단계(S330)에서 수행되는 상기 제2 컨볼루션 연산의 결과는 추가적인 컨볼루션 연산 없이 상기 제8 서브 컨볼루션 연산의 결과와 합산되는데, 이에 대응하는 경로를 Identity Shortcut으로 정의할 수 있다. 제1 컨볼루션 블록과 다르게 Identity Shortcut이 적용되는 것은 상기 제2 컨볼루션 블록에 포함되는 제7 및 제8 서브 컨볼루션 연산에 적용되는 스트라이드 값이 모두 1이기 때문에 컨볼루션 연산 과정에서 차원(dimension) 변화가 일어나지 않기 때문이다.The result of the second convolution operation performed in step S330 is summed with the result of the eighth sub-convolution operation without additional convolution operation, and a corresponding path may be defined as an Identity Shortcut. The reason that Identity Shortcut is applied differently from the first convolution block is that the stride values applied to the seventh and eighth sub-convolution operations included in the second convolution block are all 1, so the dimension in the convolution operation process is Because change doesn't happen.

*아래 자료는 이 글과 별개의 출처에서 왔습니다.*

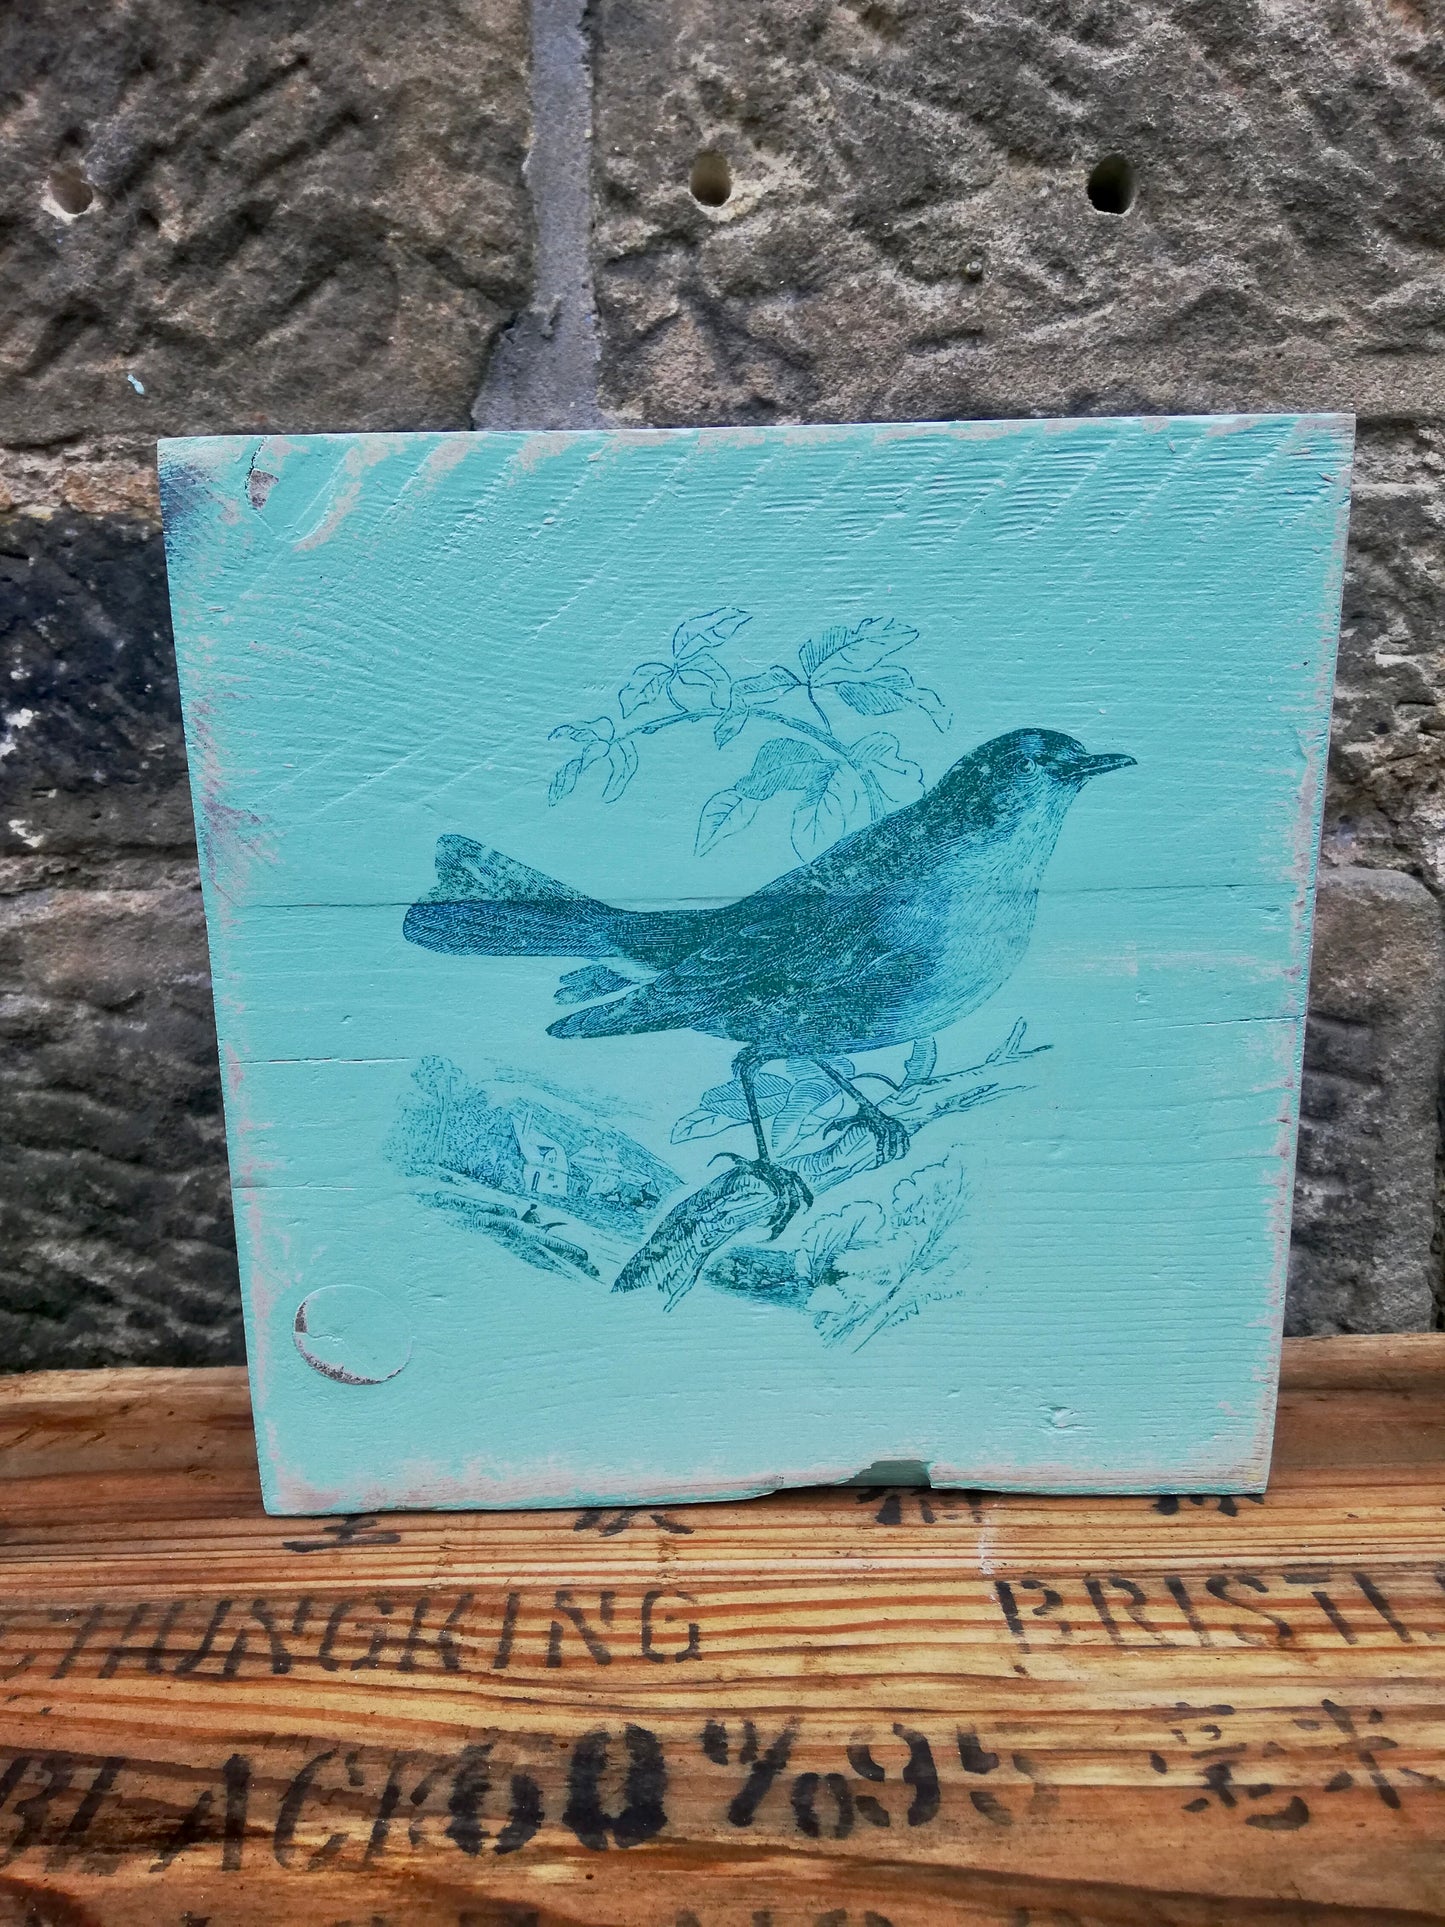 Painted wooden art block with bird design.

한편, 상기 합산 결과에 대해 ReLU 함수가 Activation Function으로 적용된 데이터는 다음 단계, 예컨대 Pooling 단계로 전달될 수 있다.Meanwhile, data to which the ReLU function is applied as an activation function for the summing result may be transferred to a next step, for example, a pooling step.

도 10은 본 발명의 또 다른 실시예에 따른 키워드 스폿팅 방법을 개략적으로 나타내는 순서도이다.10 is a flowchart schematically illustrating a keyword spotting method according to another embodiment of the present invention.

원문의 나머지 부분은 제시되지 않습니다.